▶ _DESCRIPTION OF THE TASK_:
Copy out every line of the data exactly; do not include the images.

Stored dataset items
++++

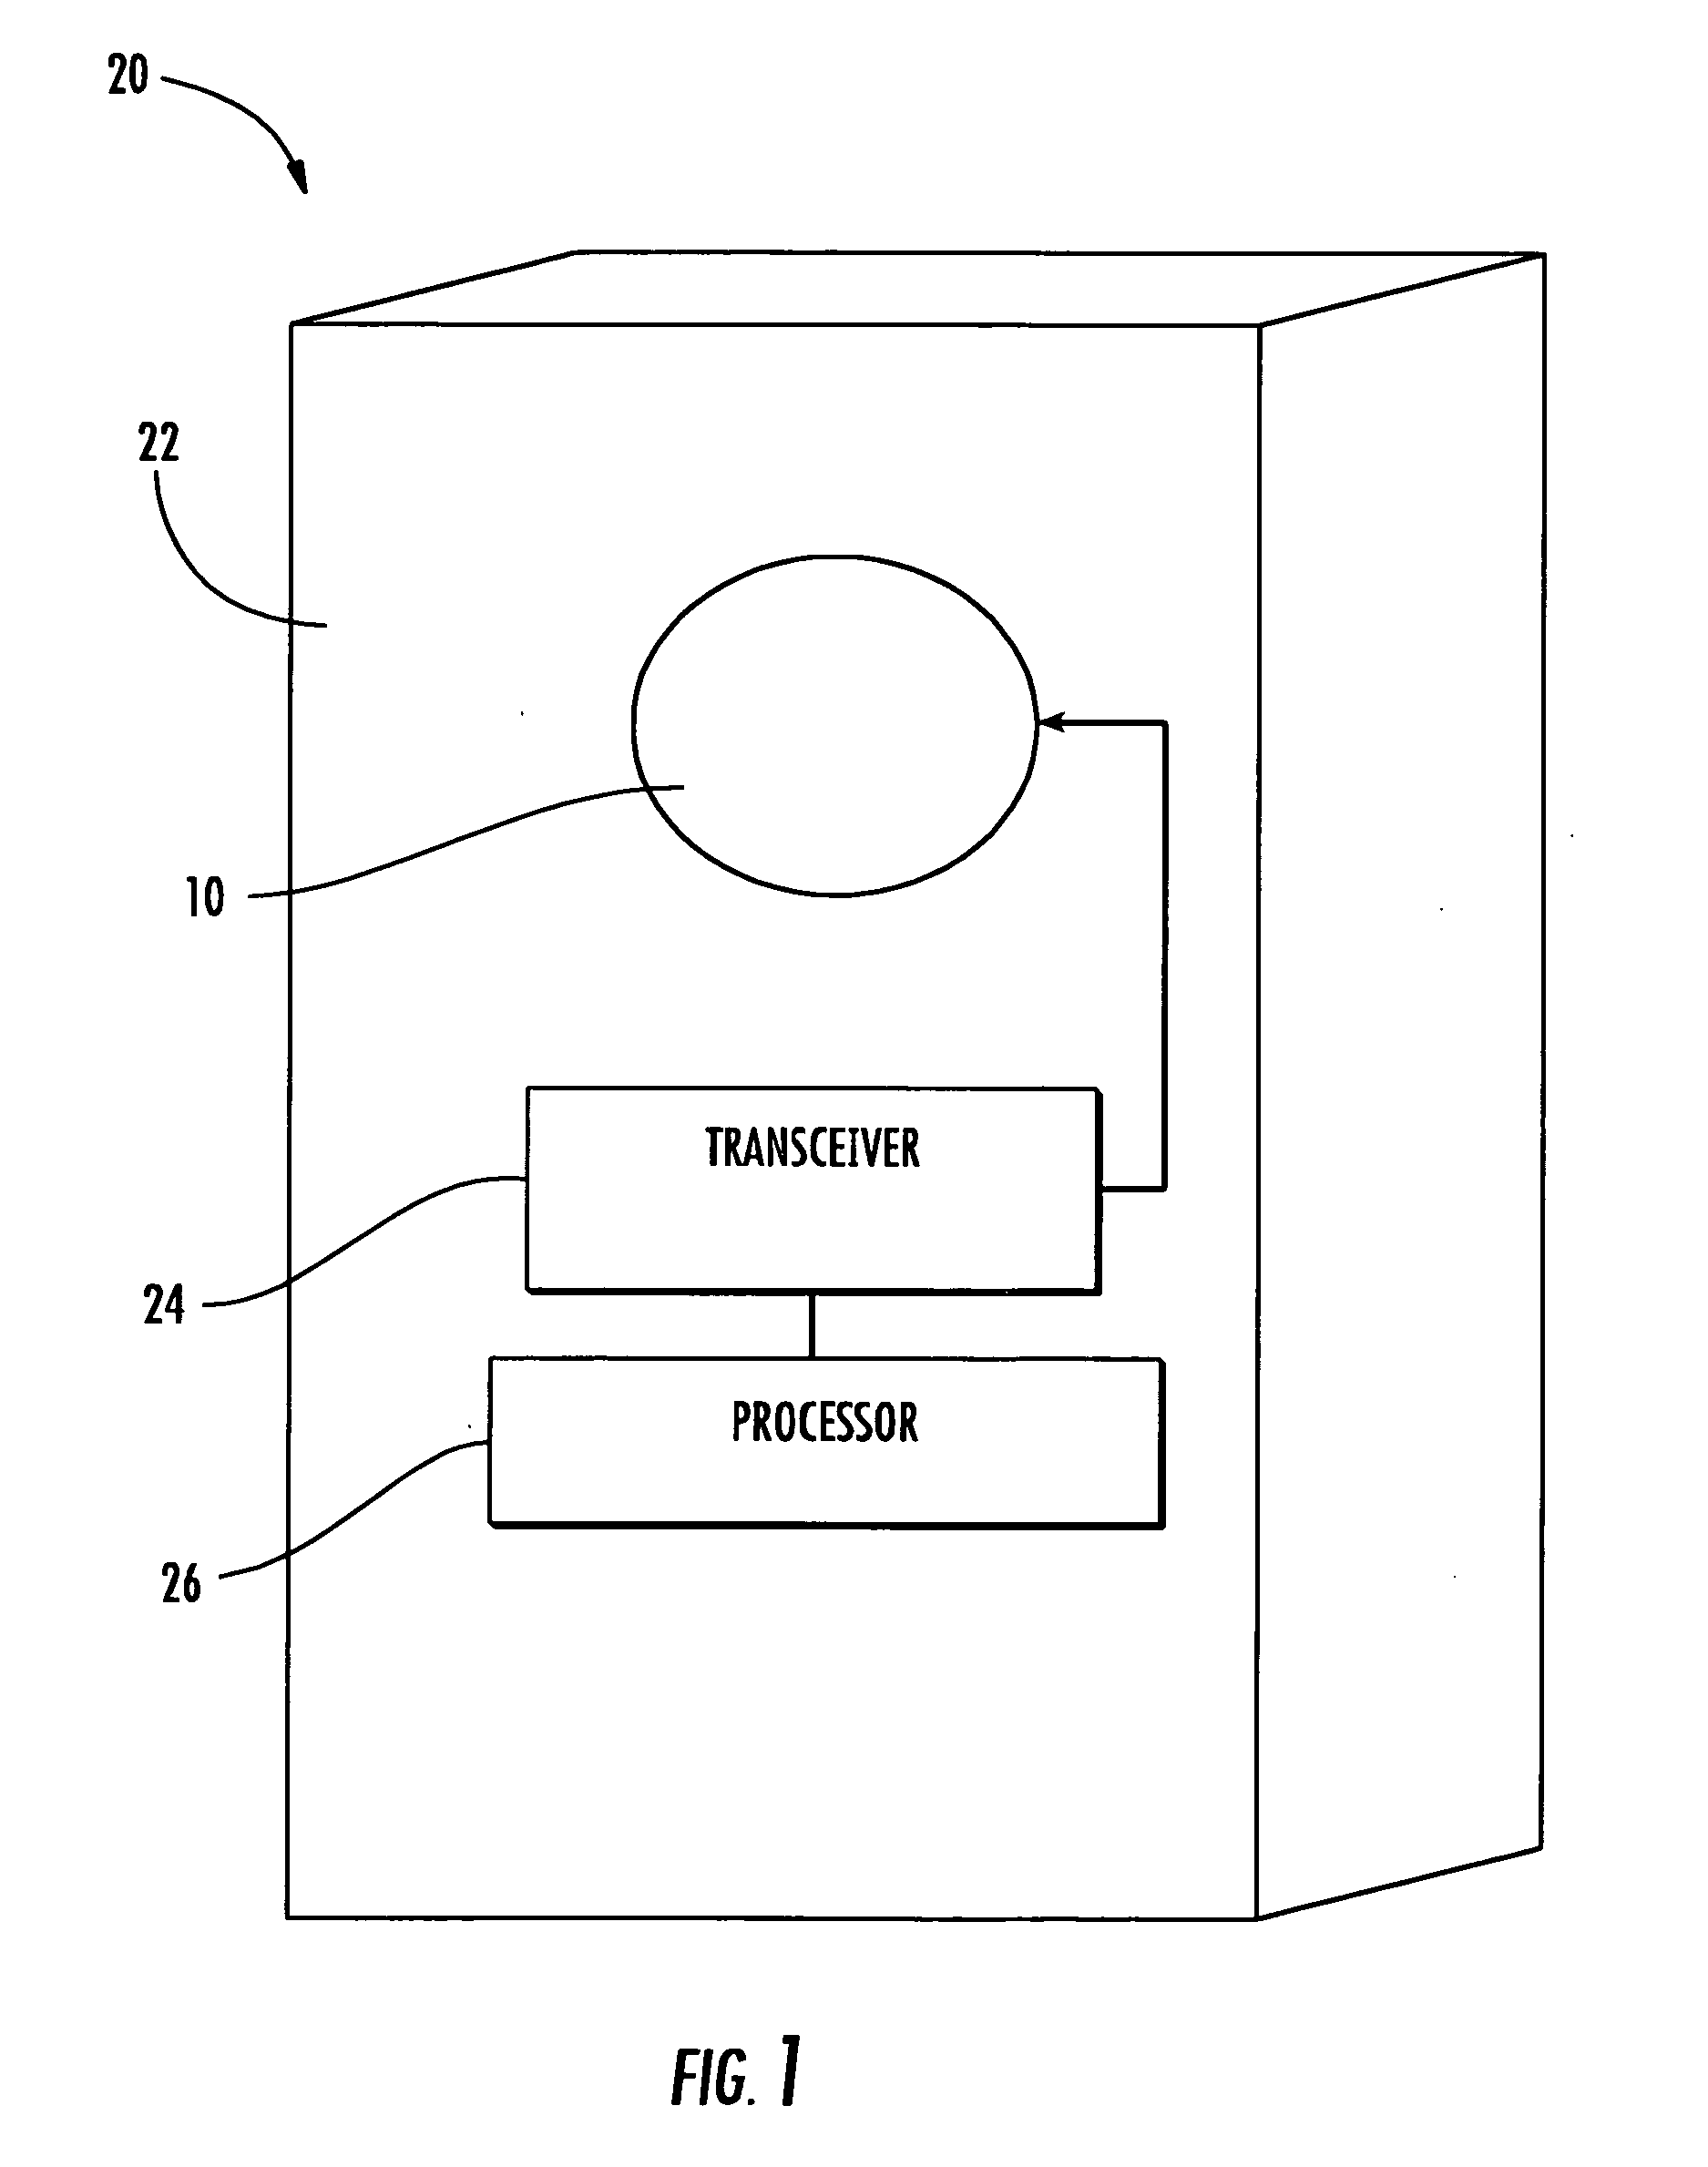 Broadband polarized antenna including magnetodielectric material, isoimpedance loading, and associated methods
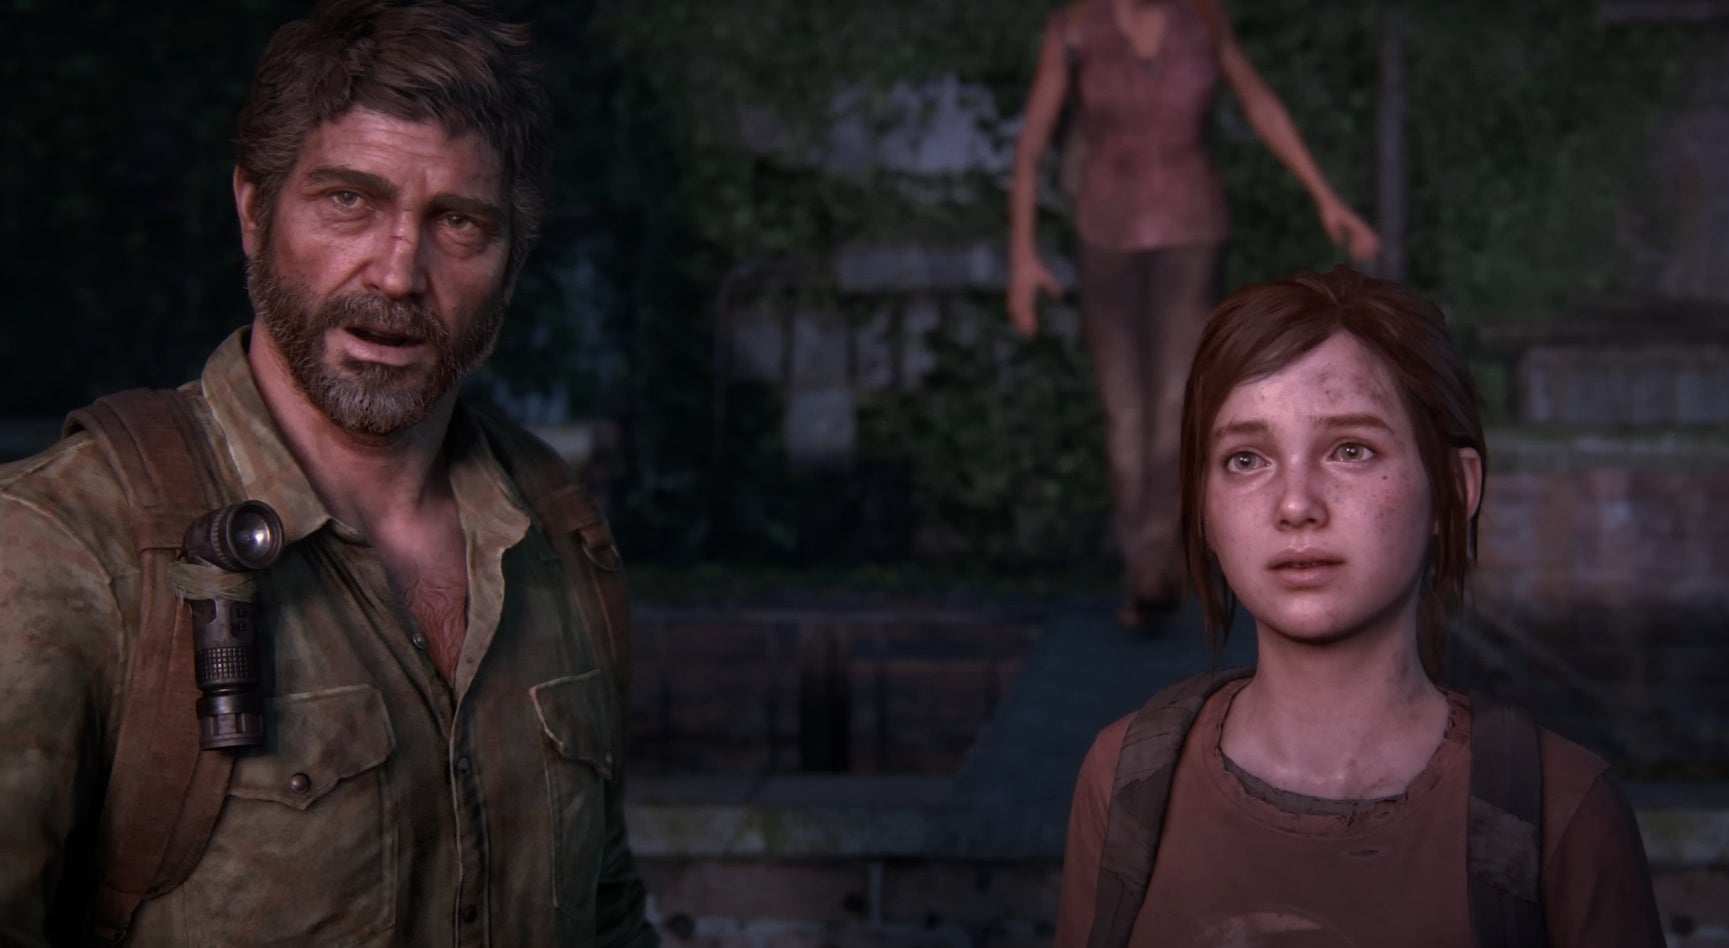 Beardy man Joel and young girl Ellie gaze out towards the camera, over an unseen cityscape, in The Last Of Us: Part 1.
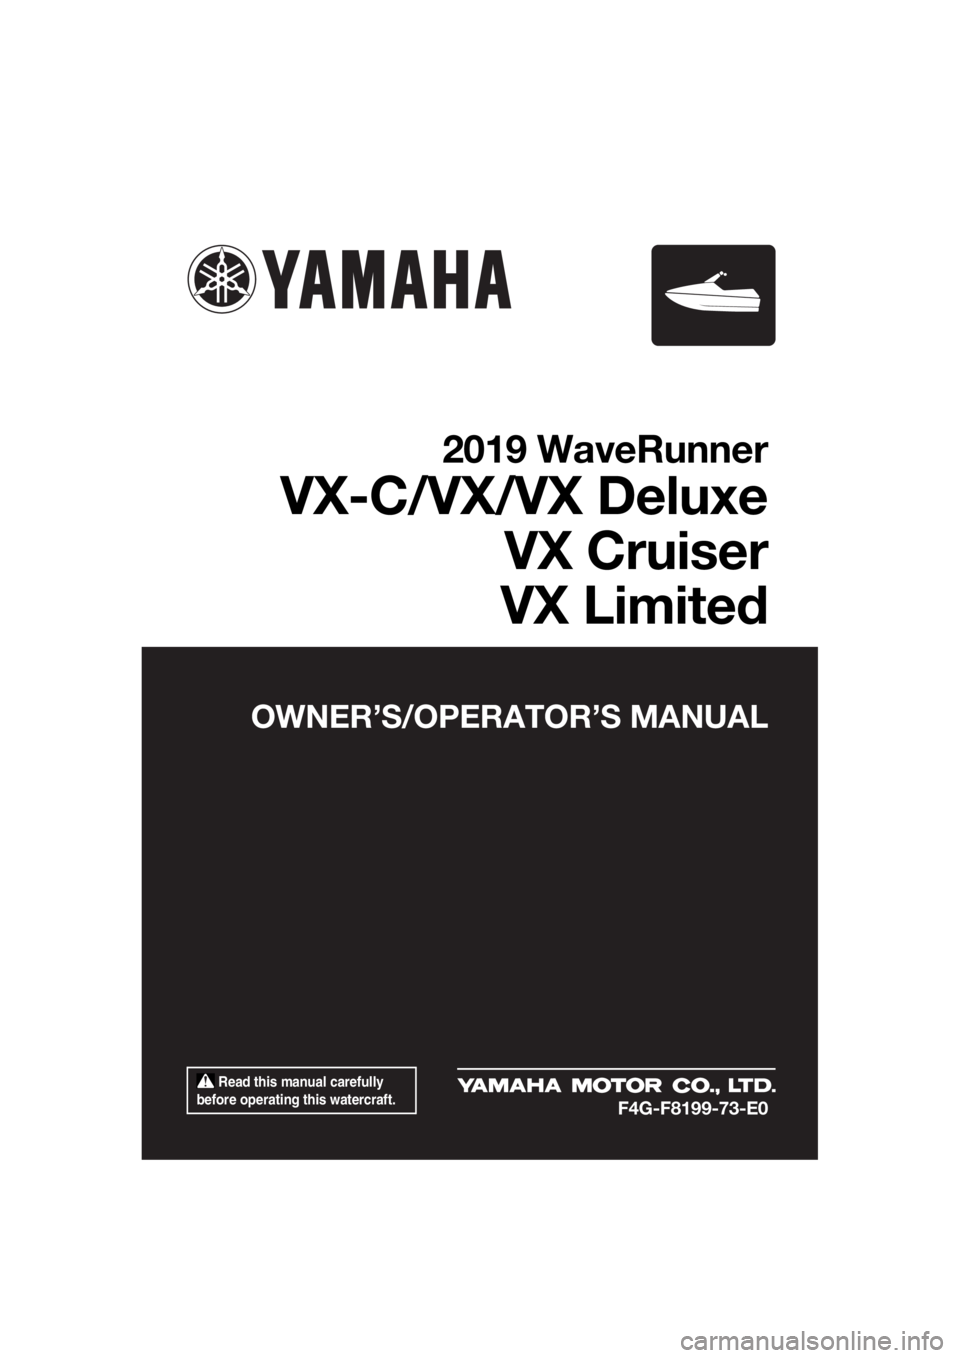 YAMAHA VX 2019  Owners Manual  Read this manual carefully 
before operating this watercraft.
OWNER’S/OPERATOR’S MANUAL
2019 WaveRunner
VX-C/VX/VX Deluxe
VX Cruiser
VX Limited
F4G-F8199-73-E0
UF4G73E0.book  Page 1  Friday, May 
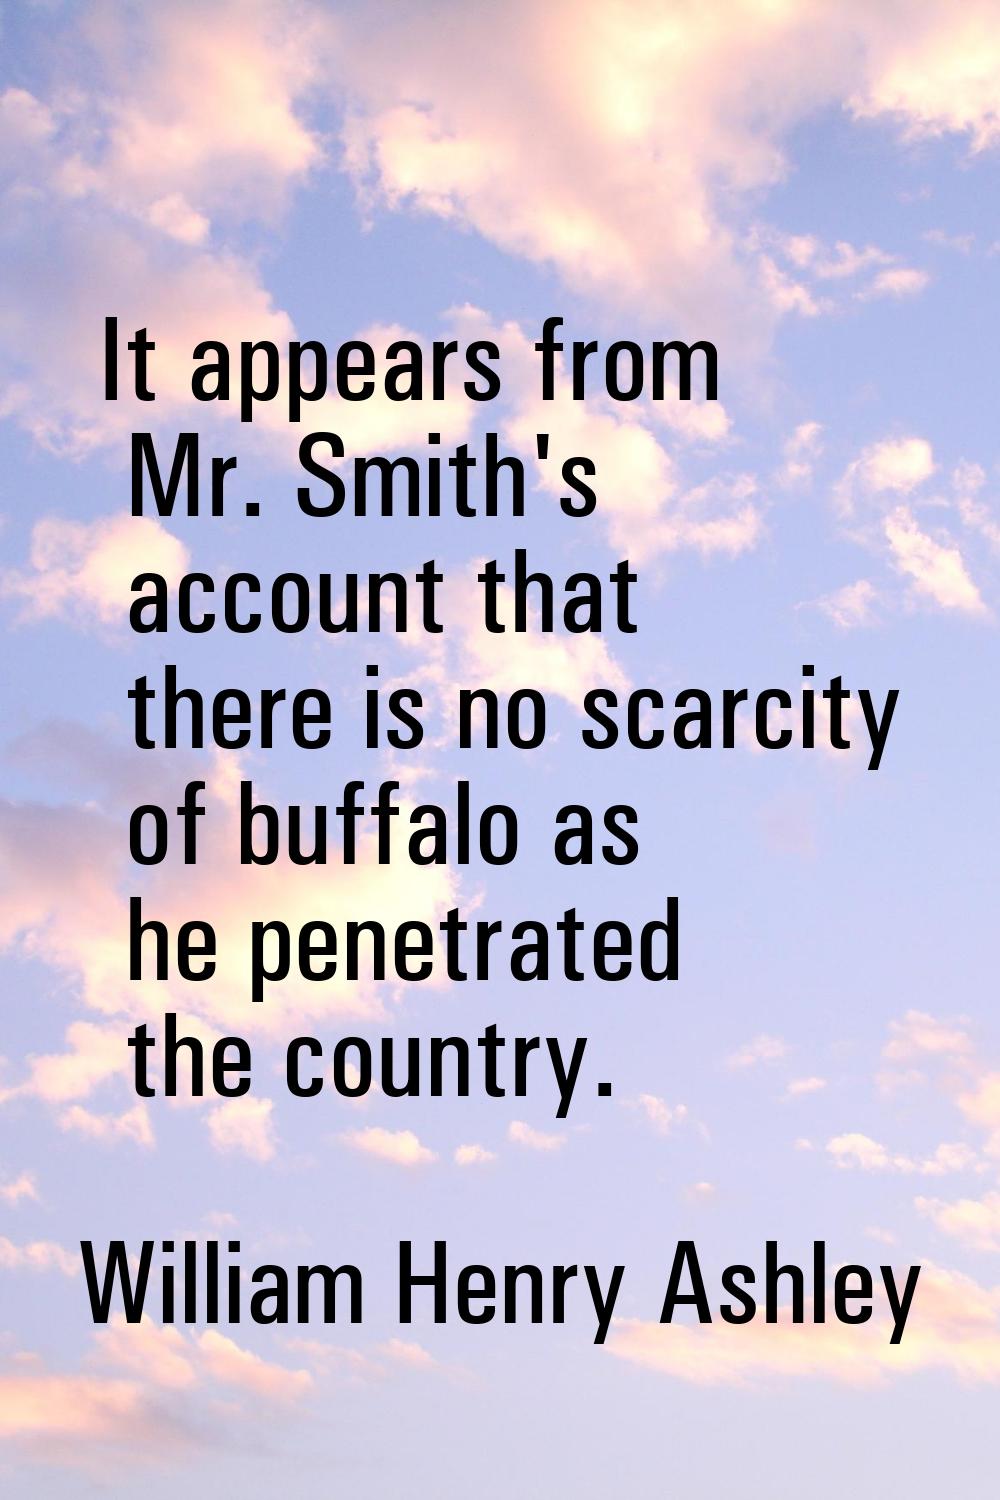 It appears from Mr. Smith's account that there is no scarcity of buffalo as he penetrated the count

++++

▶ _ANSWER FOR THIS EXERCISE_:
 Broadband polarized antenna including magnetodielectric material, isoimpedance loading, and associated methods
 Beardy man Joel and young girl Ellie gaze out towards the camera, over an unseen cityscape, in The Last Of Us: Part 1.
 YAMAHA VX 2019  Owners Manual  Read this manual carefully 
before operating this watercraft.
OWNER’S/OPERATOR’S MANUAL
2019 WaveRunner
VX-C/VX/VX Deluxe
VX Cruiser
VX Limited
F4G-F8199-73-E0
UF4G73E0.book  Page 1  Friday, May 
 It appears from Mr. Smith's account that there is no scarcity of buffalo as he penetrated the count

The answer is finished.